Another Fesco ‘destination’ station is to roll out in Mandeville, Manchester, but the investor in that project was not disclosed. It will also be dealer owned and dealer operated.

The Ferry complex, which spans 1.5 acres or 65,340 square feet, will carry 16 filing points, five electric vehicle charging stations, infrastructure to accommodate compressed natural gas, which will be sourced from New Fortress Energy, and two automatic car wash stations. The service station will also be fitted with a vapour recovery system.

The complex will also feature a FYC Mart, Tastee patty franchise, bill payment outlet, and ATM. And the various businesses to operate there are expected to create 120 jobs.

Incorporated in 2013, Fesco’s current footprint of 14 service stations are found in Mandeville, Manchester; Portmore, St Catherine; Rock Hill, St Andrew; Stony Hill, St Andrew; Angels, St Catherine; Duncans, Trelawny; Montego Bay, St James; Golden Grove, St Thomas, and Lacovia, St Elizabeth.
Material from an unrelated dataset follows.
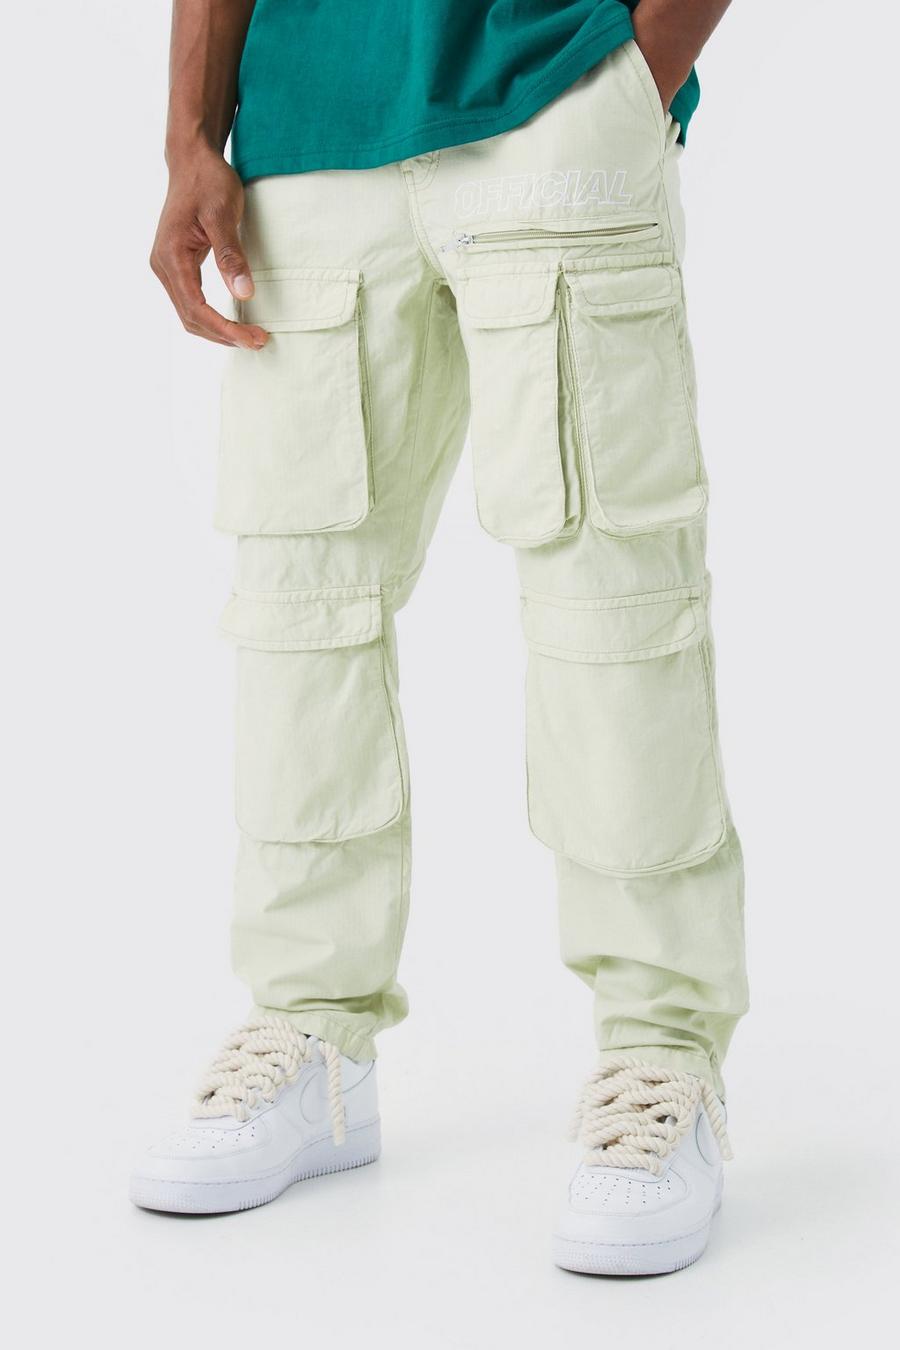 Pantalón cargo de pernera recta con costuras antidesgarros y marca en tonos neutros, Sage

The company has pitched plans to add seven more locations to the chain by the end of 2020.

“We recently opened our Bodles station and we are working on another station in Mandeville,” said the Fesco vice-chairman.

“So those, in addition to the Ferry and Kingston operation, will bring us to 18 locations, so we are well on our way for the 20 stations by 2020,” he said.

The cost of the headquarters project being done by Fesco, which is to be finalised this year, was not disclosed.